For this Drip, I continue my series called…
“Cyndi - I have a question.”
… featuring a dharma question from Sarah Polley and my response. (And maybe Sarah will have a response to my response.) We are also interested in your thoughts so please chime in with comments for us!
“Cyndi - I have a question.”
My name is Sarah Polley. I’m a filmmaker, writing and living in Toronto, Canada. I’ve been studying with Cyndi Lee for about a year and a half. I was introduced to Cyndi through the incredible composer, Hildur Gudnadottir, after we worked together on the film Women Talking. Hildur is one of the people whose infectious joy and openness changes every room she walks into. For many years, she had been studying yoga and Buddhism with Cyndi and she encouraged me to join her in signing up for Lifting the Gaze, Cyndi’s online sangha.
While I have studied Buddhism and have had a daily meditation practice for almost twenty years, studying with Cyndi—which was full of sharp turns—has given me both inspiration and an anchor. I have learned so much from Cyndi about how to bring the teachings into everyday life and how to take my meditation practice off the cushion and out into the world. I have also learned how to more skillfully walk around my problems, and “see them from every angle, like a statue,” as Cyndi puts it.
Cyndi asked me if I would be interested in being a guest contributor to her wonderful newsletter, Drip, Drip, Drip, the Bucket Fills. I thought for a long time about what I might contribute and finally landed on a list of questions for Cyndi which had been rattling around in my head.
I love the way Cyndi approaches the teachings, her life, and other humans. The opportunity to have her engage with my questions over the past year and a half has been one of the great privileges of my life. So, instead of simply writing my own thoughts, I asked Cyndi if she would answer some of my gnawing questions as the sangha works our way through Becoming Bodhisattvas, Pema Chodron’s commentary on the classic Buddhist text, The Bodhisattva’s Way of Life by Shantideva.
Sarah’s Question:
When I was a lot younger and first discovered Buddhism, I spent so much time meditating that I found myself unable to write or create anything for a long time.
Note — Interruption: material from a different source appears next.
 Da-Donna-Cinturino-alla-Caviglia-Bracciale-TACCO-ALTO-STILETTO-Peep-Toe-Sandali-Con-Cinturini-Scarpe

My head and heart had been so exploded by the teachings on impermanence, desire, and by the project of wanting to be present and in the moment, that any momentum I had for work just left me.
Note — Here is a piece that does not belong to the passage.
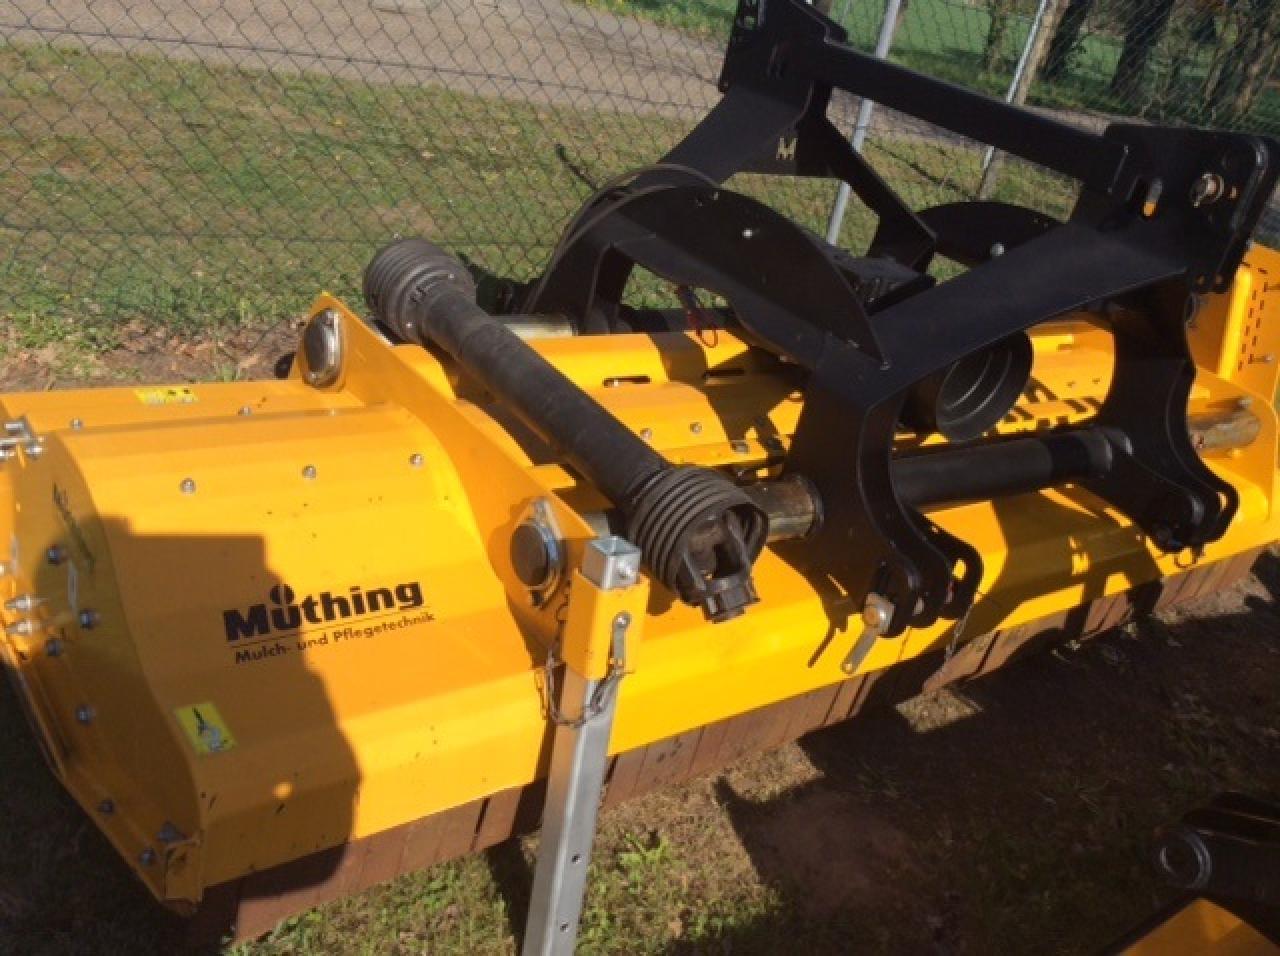 Müthing  MU 300 Pro
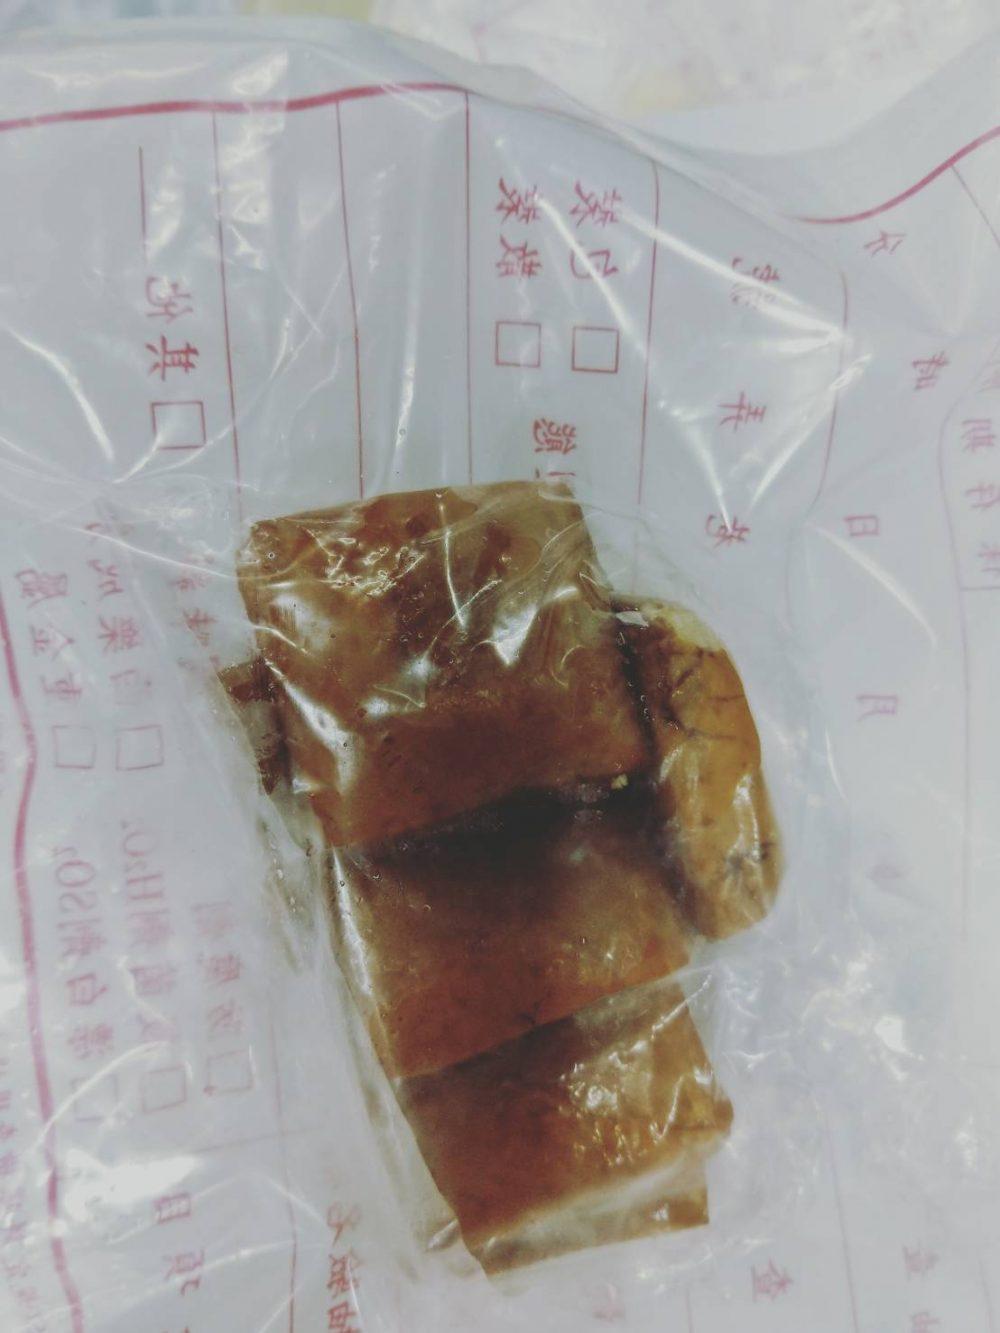 北市食安抽驗 驚見板豆腐、豆干防腐劑殺菌劑違規

The urgency that had fueled my desire to create things disappeared.
And the endless noise of thoughts that usually led to me writing something got a lot quieter.
The motivation to write and make films came back in a different form eventually, but I’m nostalgic for that early time when I was learning about Buddhism and felt so accepting and present with what was, that I didn’t feel any pressing desire or need to create things.
How does one work with this intention to be present and be with what is, without compromising the urgency and inner noise that often compels one to be creative?
Cyndi’s Response:
The first time I went to a deep zen retreat was so magical. I had been invited to teach yoga during Rohatsu at Dai Bosatsu Zendo, located in upstate New York on Beecher Lake. The NY Zen Center’s property included the Beecher family house, still firmly standing on the edge of the lakeshore, where Harriet Beecher Stowe wrote Uncle Tom’s Cabin. Now, just up the way from the old house was the more recently built zendo modeled on a Japanese temple: tatami mats, rice paper walls, a wooden walking platform lining the outside walls of the meditation hall.

It was a long journey from Manhattan involving a bus ride, then a long wait for a taxi who drove way out into the country side and finally up a bumpy driveway. I just barely arrived on time. Two steps into the building and a monk greeted me, took me into a cloakroom, told me to pick out a robe and put it on. He neglected to tell me that since they obeyed the traditional rules of Rohatsu, there would be no electricity in the zendo and all the monks were wearing multiple layers of long underwear and sweatclothes hidden beneath their robes.
This was in December and I had arrived to snowy fields and frosty mornings. But I was so enchanted by the beauty of the zendo, the elegance of the monks and the purity of the rituals that even when I got way too cold during the first meditation sit, it felt enlightening.
I was told that you cannot move and you cannot go to the bathroom except during walking meditation periods. After the first hour I was freezing and without thinking about it, I very naturally made a small movement as if to stand up and go get a sweater. Then I remembered: no moving. And I loved that!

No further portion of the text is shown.